The latter is more of the form "Omega arbitrarily rewards agents for taking certain hypothetical actions in a different problem" (of which a nearly limitless variety can be invented to justify any chosen decision theory¹), rather than being an actual self-contained problem which can be "solved".

The latter also can't be expressed as any kind of game tree without "cheating" and naming "Newcomb's Problem" verbally --- or rather, you can express a similar thing by embedding the Newcomb game tree and referring to the embedded tree, but that converts it into a legitimate decision problem, which FDT of course gives the correct answer to (TODO: draw an example ;).

(¹): Consider Inverse^2 Newcomb, which I consider the proper symmetric inverse of "Inverse Newcomb": Omega puts you in front of two boxes and says "this is not Newcomb's Problem, but I have filled both boxes with money iff I predicted that you take one box in standard Newcomb". Obviously here FDT takes both boxes and a tidy \$1,000,1000 profit (plus the \$1,000,000 from Standard Newcomb). Whereas CDT gets... \$1000 (plus \$1000 from Standard Newcomb).

Something about your proposed decision problem seems cheaty in a way that the standard Newcomb problem doesn't. I'm not sure exactly what it is, but I will try to articulate it, and maybe you can help me figure it out.

It reminds me of two different decision problems. Actually, the first one isn't really a decision problem.

Omega has decided to give all those who two box on the standard Newcomb problem 1,000,000 usd, and all those who do not 1,000 usd.

Now that's not really a decision problem, but that's not the issue with using it to decide between decision theories. I'm not sure exactly what the issue is but it seems like it is not the decisions of the agent that make the world go one way or the other. Omega could also go around rewarding all CDT agents and punishing all FDT agents, but that wouldn't be a good reason to prefer CDT. It seems like in your problem it is not the decision of the agent that determines what their payout is, whereas in the standard newcomb problem it is. Your problem seems more like a scenario where omega goes around punishing agents with a particular decision theory than one where an agent's decisions determine their payout.

Now there's another decision problem this reminds me of.

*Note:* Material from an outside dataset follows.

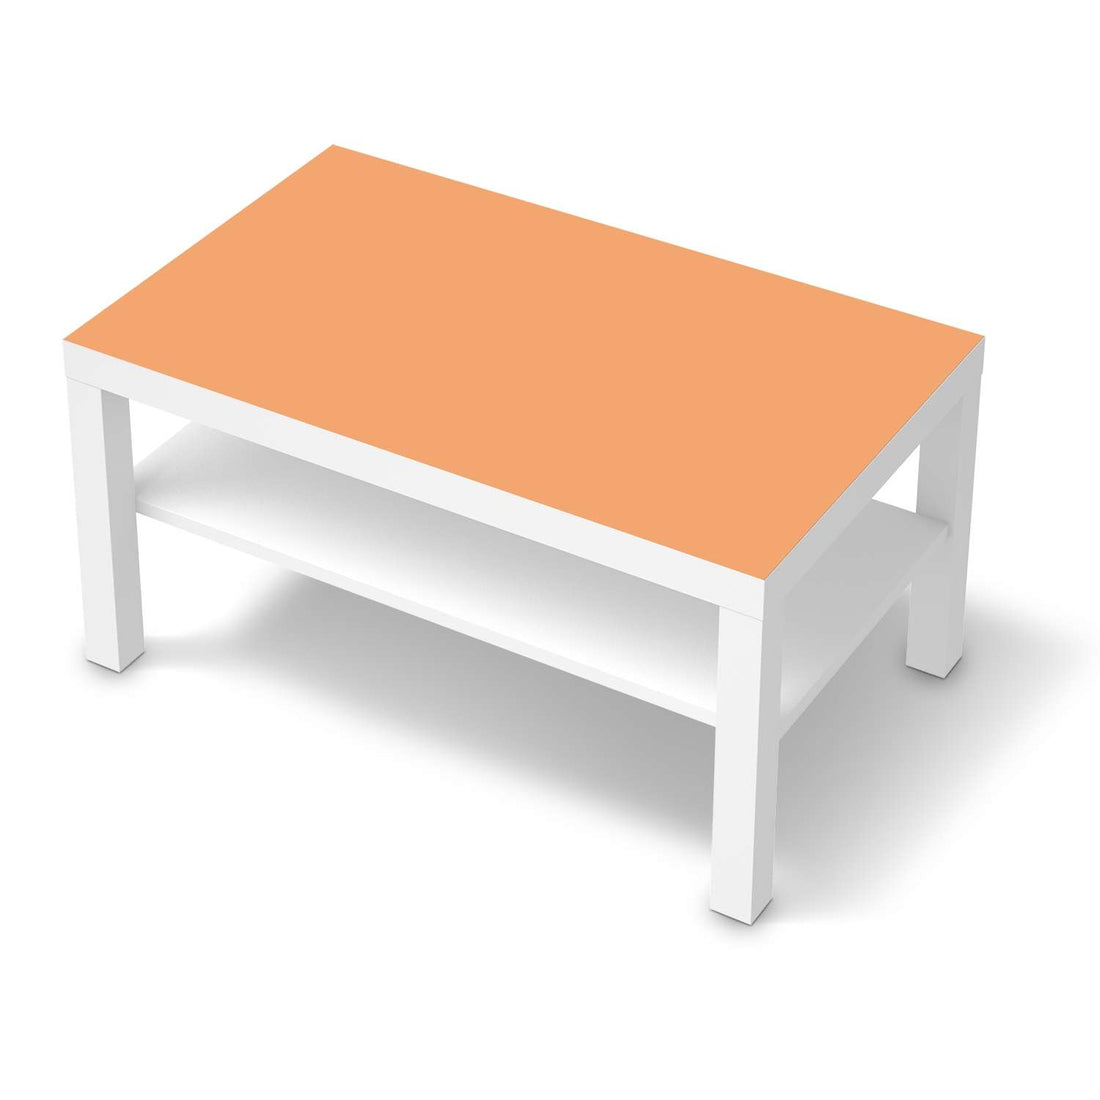 Möbelfolie Orange Light - IKEA Lack Tisch 90x55 cm - weiss

Omega flips a coin and tell you "I flipped a coin, and I would have paid you 1,000,000 usd if it came up heads only if I predicted that you would have paid me 1,000 usd if it came up tails after having this explained to you. The coin did in fact come up tails. Will you pay me?"

In this decision problem your payout also depends on what you would have done in a different hypothetical scenario, but it does not seem cheaty to me in the same way your proposed decision problem does. Maybe that is because it depends on what you would have done in this same problem had a different part of it gone differently.

I'm honestly not sure what I am tracking when I judge whether a decision problem is cheaty or not (where cheaty just means "should be used to decide between decision theories") but I am sure that your problem seems cheaty to me right now. Do you have any similar intuitions or hunches about what I am tracking?

I think I see where you're coming from with the inverse problem feeling "cheaty". It's not like other decision problems in the sense that it is not really a dilemma; two-boxing is clearly the best option. I used the word "problem" instinctively, but perhaps I should have called it the "Inverse Newcomb Scenario" or something similar instead.

However, the fact that it isn't a real "problem" doesn't change the conclusion. I admit that the inverse scenario is not as interesting as the standard problem, but what matters is that it's just as likely, and clearly favours two-boxers. FDT agents have a pre-commitment to being one-boxers, and that would work well if the universe actually complied and provided them with the scenario they have prepared for (which is what the paper seems to assume). What I tried to show with the inverse scenario is that it's just as likely that their pre-commitment to one-boxing will be used against them.

Both Newcomb's Problem and the Inverse Scenario are "unfair" for one of the theories, which is why I think the proper performance measure is the total money for going through botha, where CDT comes out on top.